— Сапоги-то, сапоги, братцы, новеньки... Жалость!

— Пропал чоловик ни за мидну мордку... Ах и Боже!

— За нас, чу, пропал — за сирот... Спаси ево душеньку!

— Ах, Упадыш, Упадыш! Лучше бы тебе не быть в утробе матерней, — повторял голос, уже раздававшийся на площади... То был голос летописца новгородского, настоятеля Хутынского монастыря Нафанаила, который пришел в Новгород посетить свою больную внучку, Остромиру, и угодил на место казни.

С вечевой колокольни смотрел старый звонарь, и по сморщенному лицу его текли слезы. Это плакал единственный глаз доброго старика...

— Я твой ворог... Я, окаянный, погубил тебя, — шептал он.

Упадыш более не трепыхался. Он плавал в своей собственной крови, разметавши руки и ноги, точно в самом деле собирался уплыть. Да, далеко пришлось теперь плыть старому ушкуйнику...
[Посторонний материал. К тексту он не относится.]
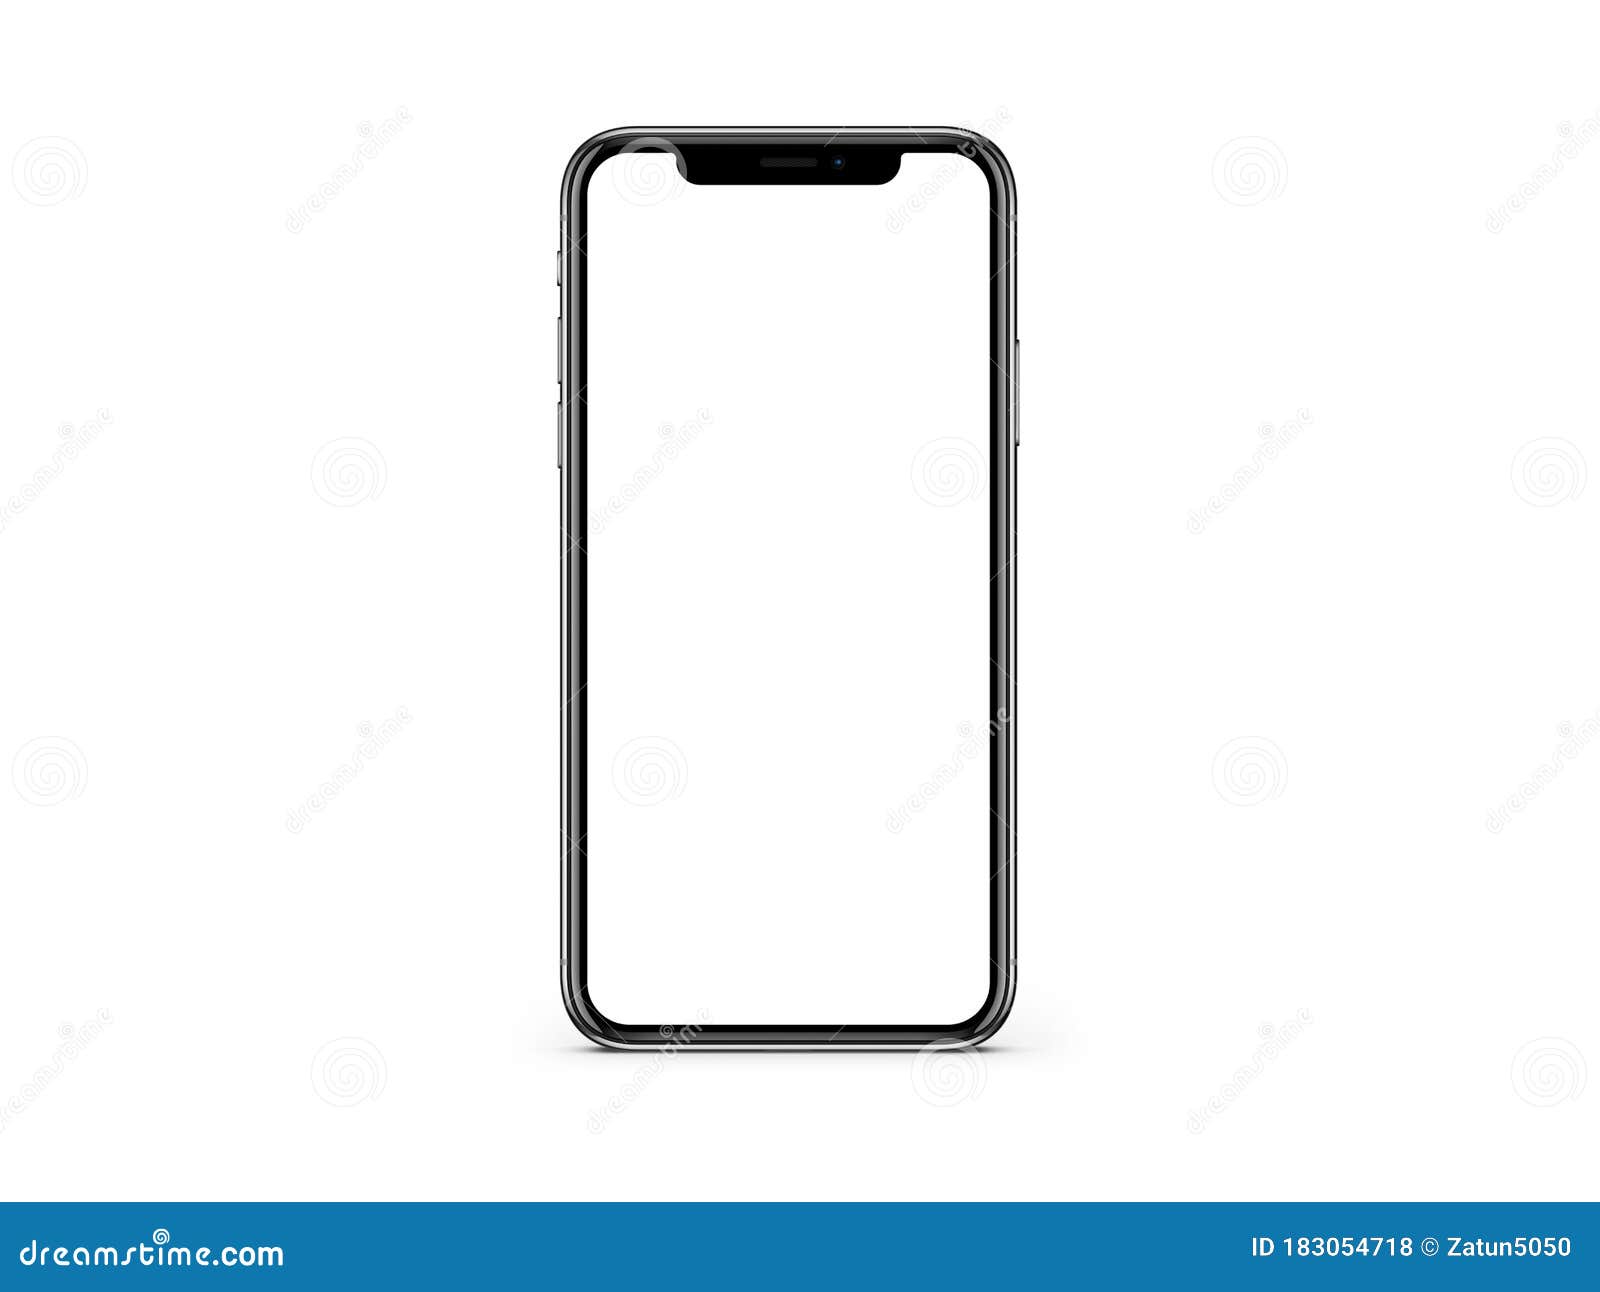 IPhone X Blank White Screen Mockup on White Color Background - màn hình trắng (white screen): Khám phá chi tiết màn hình trắng trống trơn của IPhone X Blank White Screen Mockup on White Color Background. Được tạo ra với độ chính xác tuyệt đối, màn hình này sẽ làm bạn cảm thấy thật sự kinh ngạc.

Палач между тем обтер топор об рогожный мешок, разложил этот мешок на земле и стащил труп с кровяной лужи. Потом он стал усердно запихивать его в свой вместительный мешок. Вот какой саван пришлось надеть Упадышу! Изгой — изгоем и кончил... Сначала «чудин» впихнул в мешок голову казненного, потом втиснул туда его широкие плечи и стал натягивать рогожу на остальное туловище... Из мешка торчали ноги в сапогах, о которых сейчас пожалел один худой мужичонко-вечник... «Чудин» согнул колена мертвому, всунул ноги в мешок, завязал его и, взвалив с трудом на плечи, понес через толпу к Великому мосту.

— Прощай, сиротинушка! — шептал с колокольни вечевой звонарь, провожая своим единственным глазом изменника Великого Новгорода.

Толпа сопровождала печальное шествие. Со всех концов сбегались женщины и дети, не бывшие на вече и желавшие взглянуть, как будут топить Упадыша...

На мосту «чудин» положил свою тяжелую ношу на землю и привязал к ногам мертвеца огромный булыжник. Приподняв тело, он с трудом положил его на перила моста. Еще не застывшее, оно перевесилось на обе стороны...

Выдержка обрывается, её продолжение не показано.